[EXERCISE DESCRIPTION] Output the lines of the listing below exactly, starting at the line containing "Bateau, hélicoptère et" and stopping after the last line, with any pictures dropped.

[AVAILABLE DATA]
=== Section Start ===

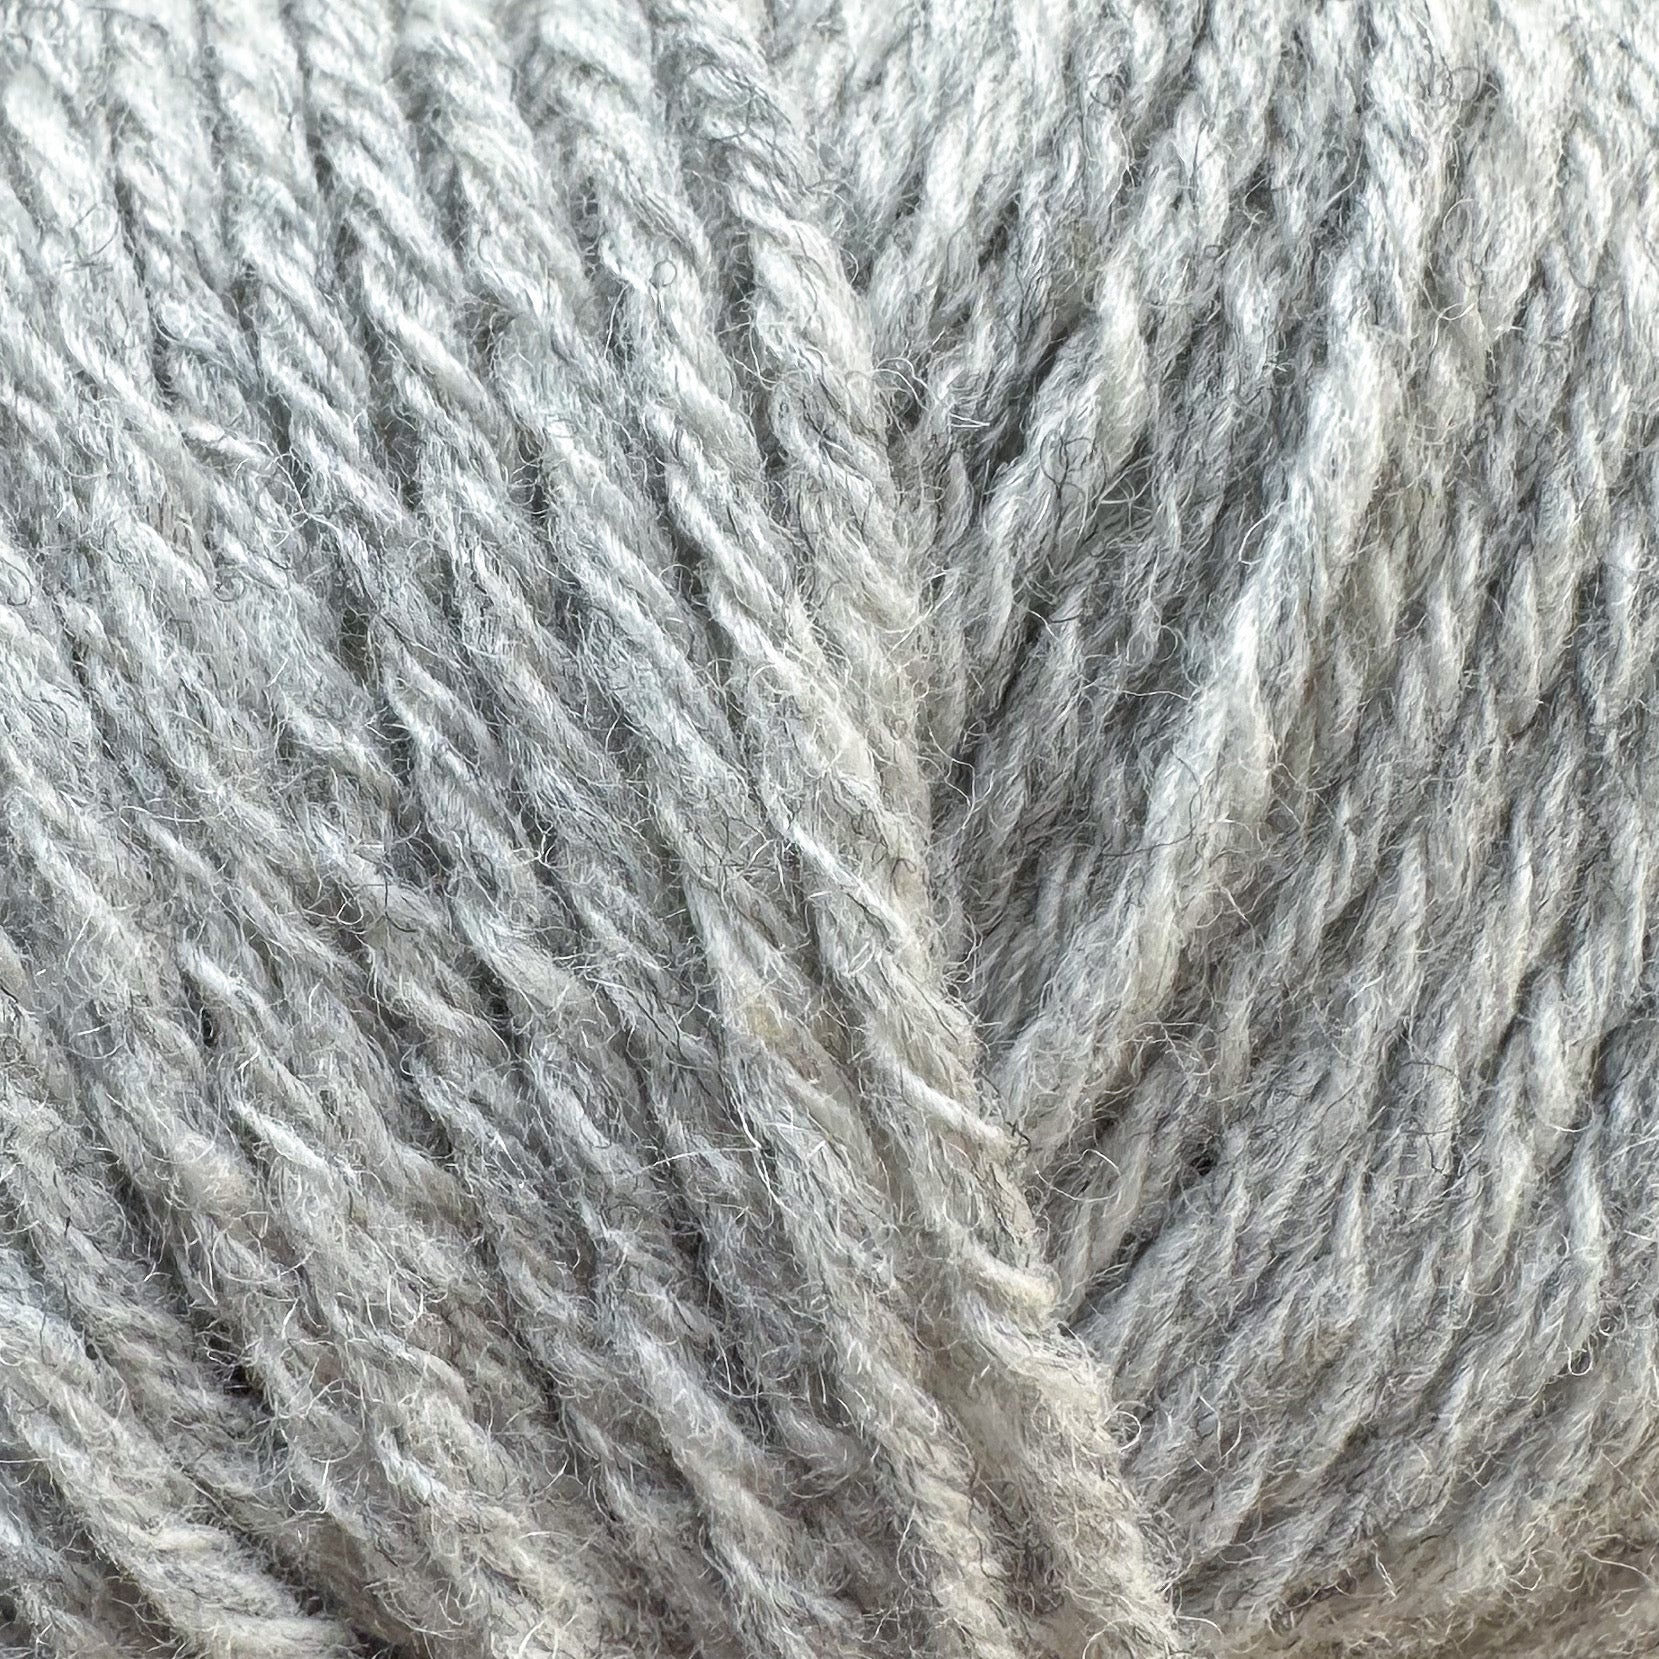 Yarns & Kits – Modern Daily Knitting
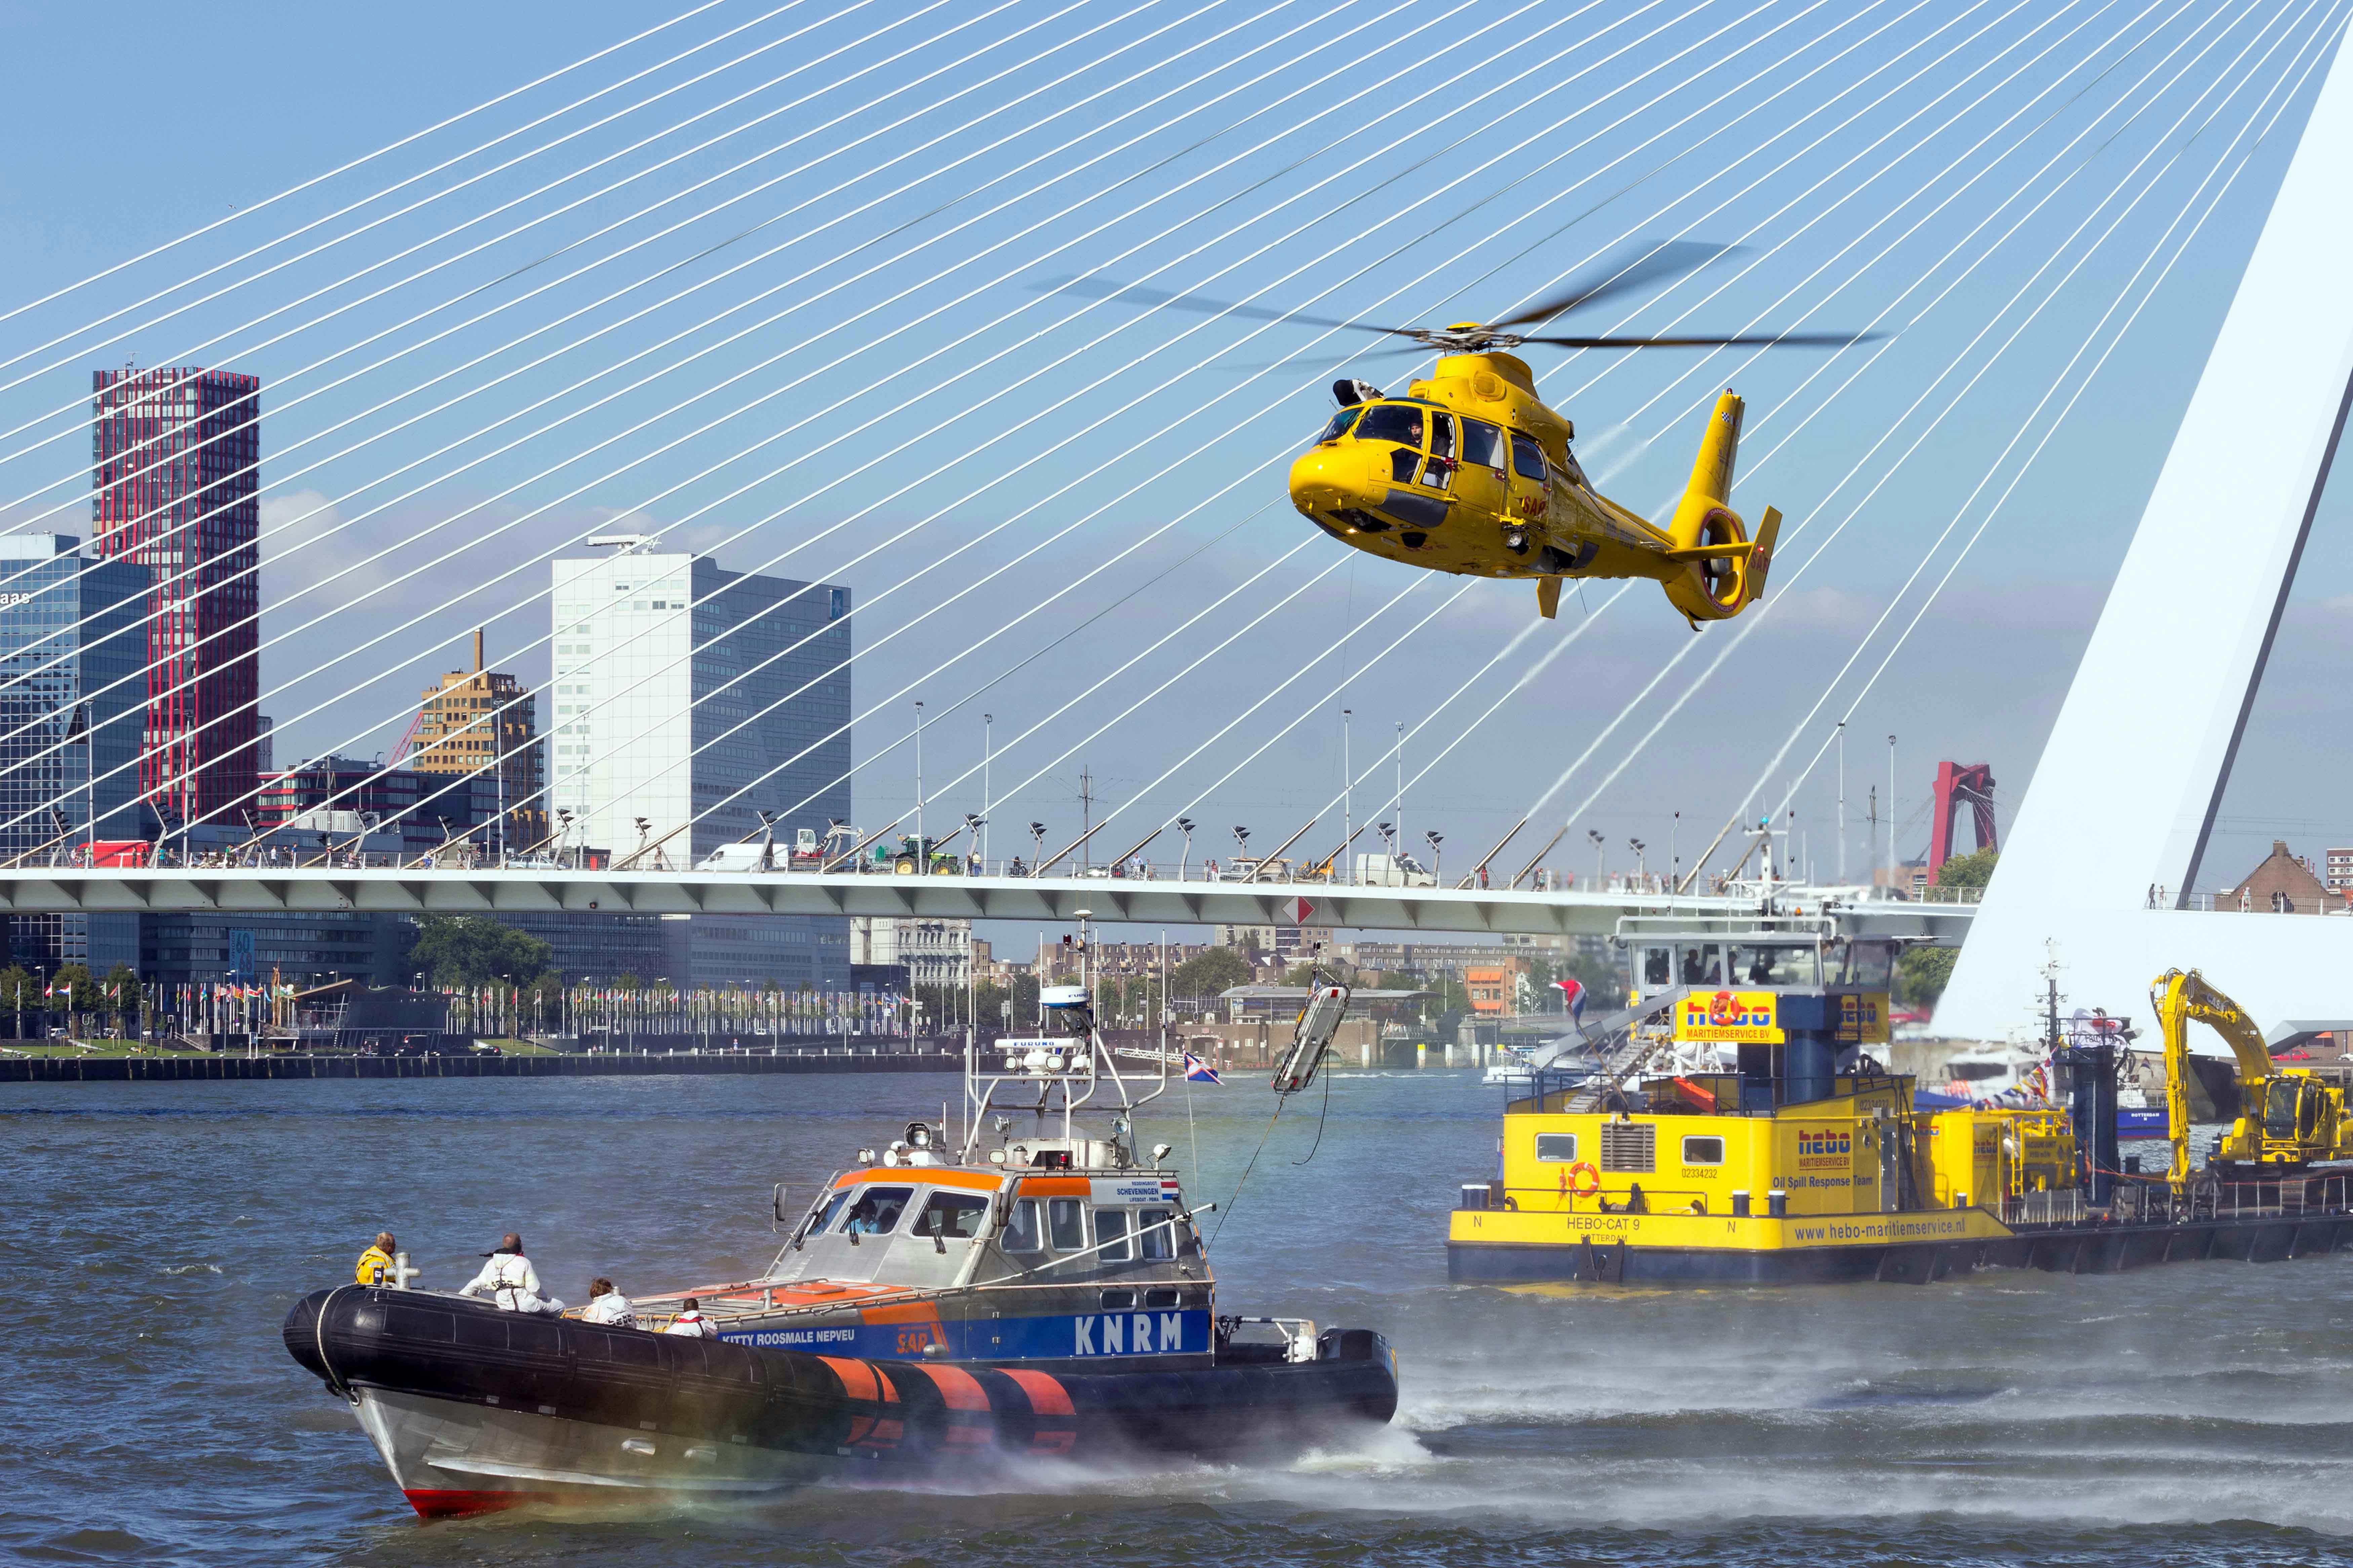 Bateau, hélicoptère et ferry dans un environnement urbain.
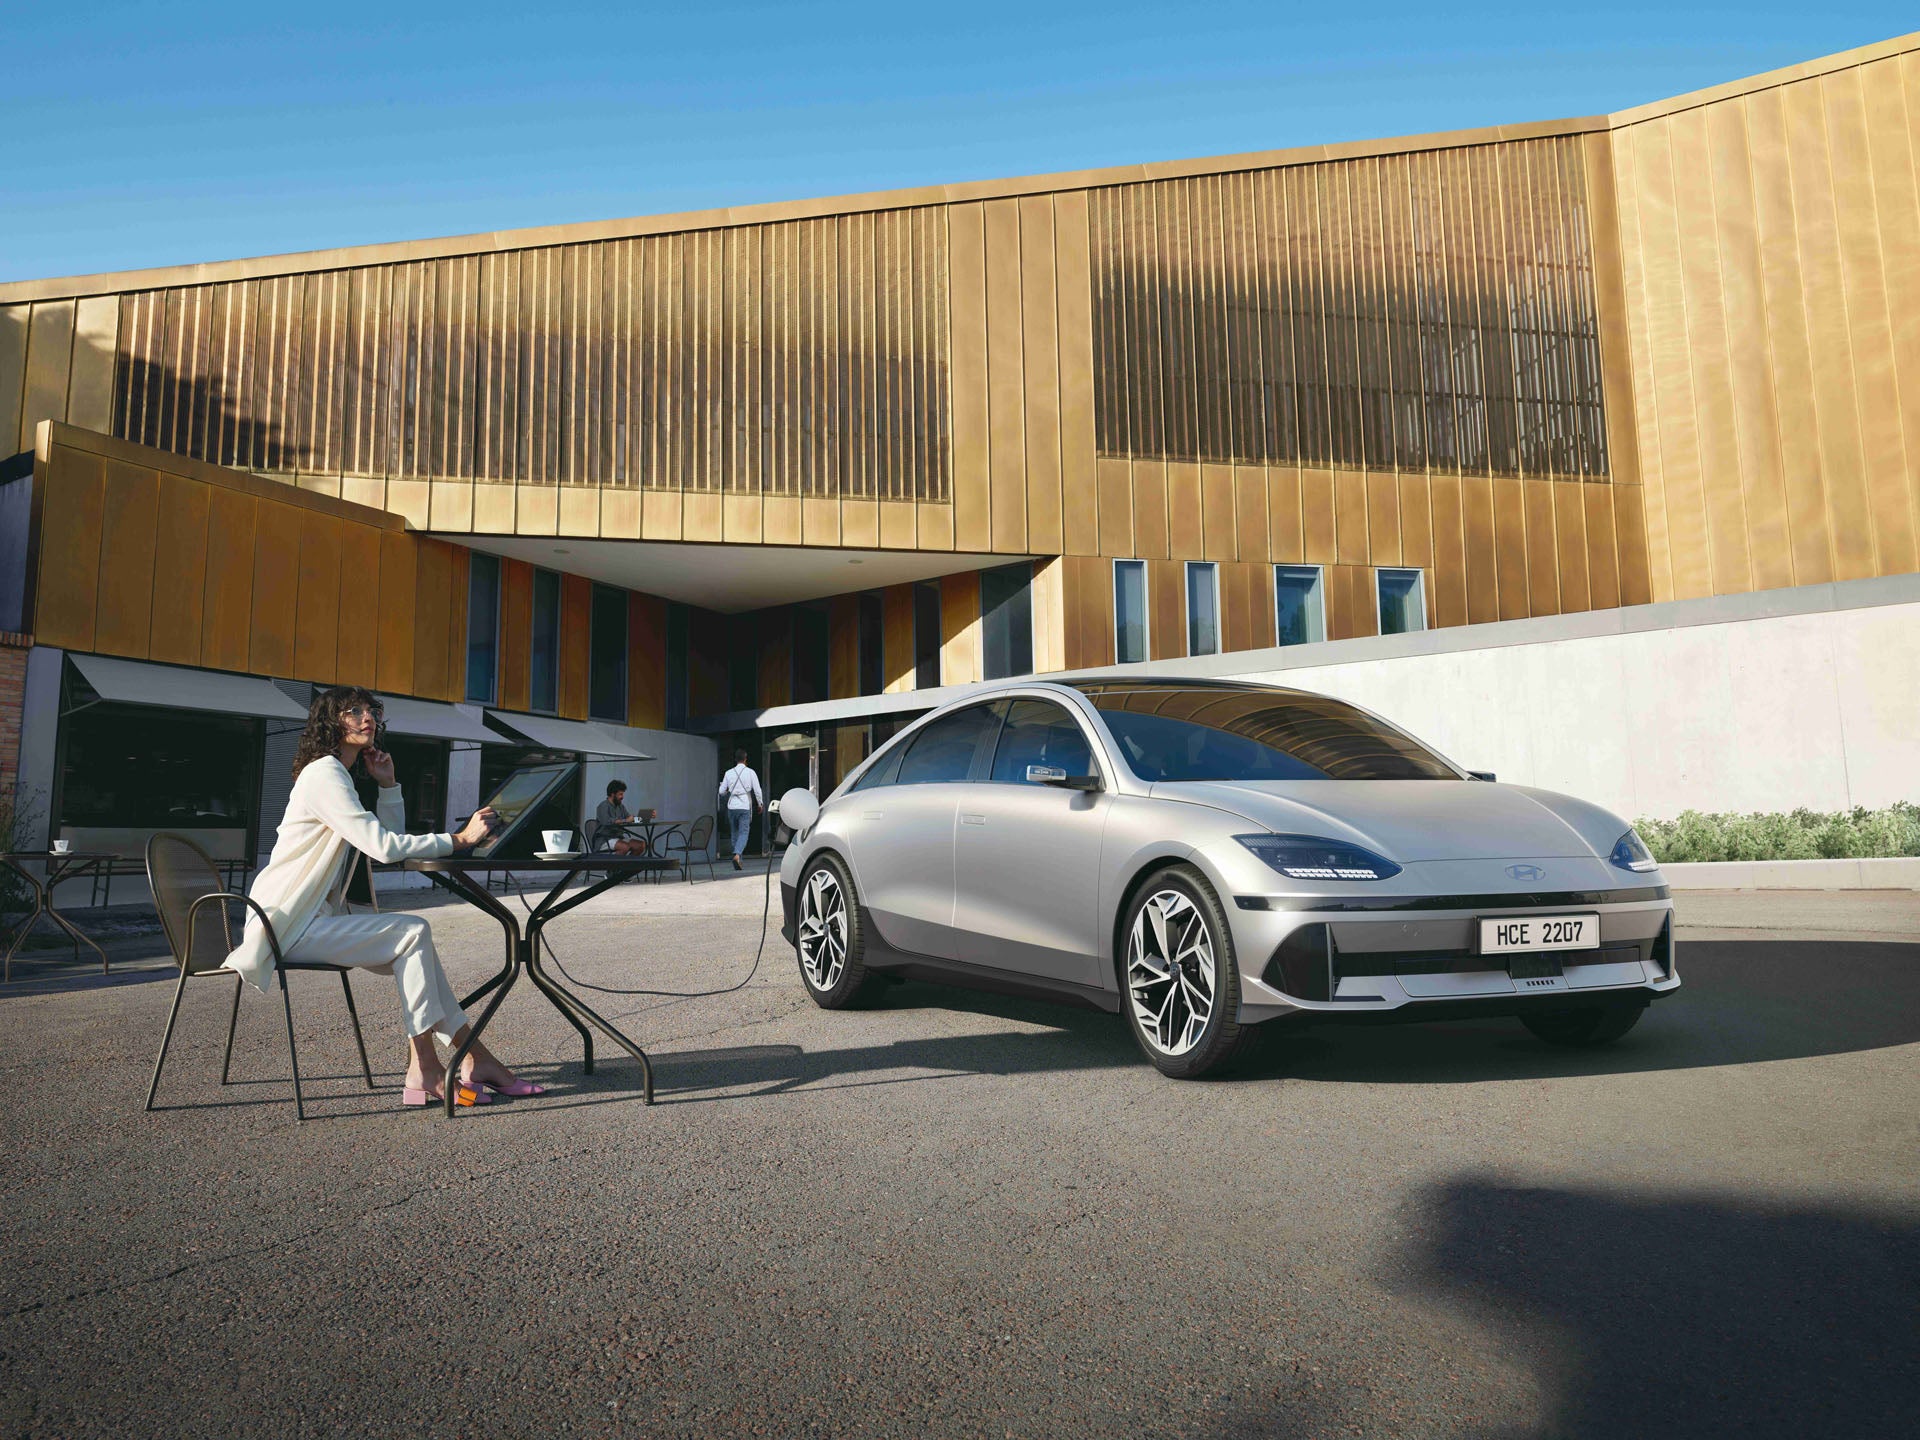 Hyundai Ioniq 6 Wraps Familiar Electric Power With Luxe-Ready Touches

=== Section End ===

[RESPONSE]
 Bateau, hélicoptère et ferry dans un environnement urbain.
 Hyundai Ioniq 6 Wraps Familiar Electric Power With Luxe-Ready Touches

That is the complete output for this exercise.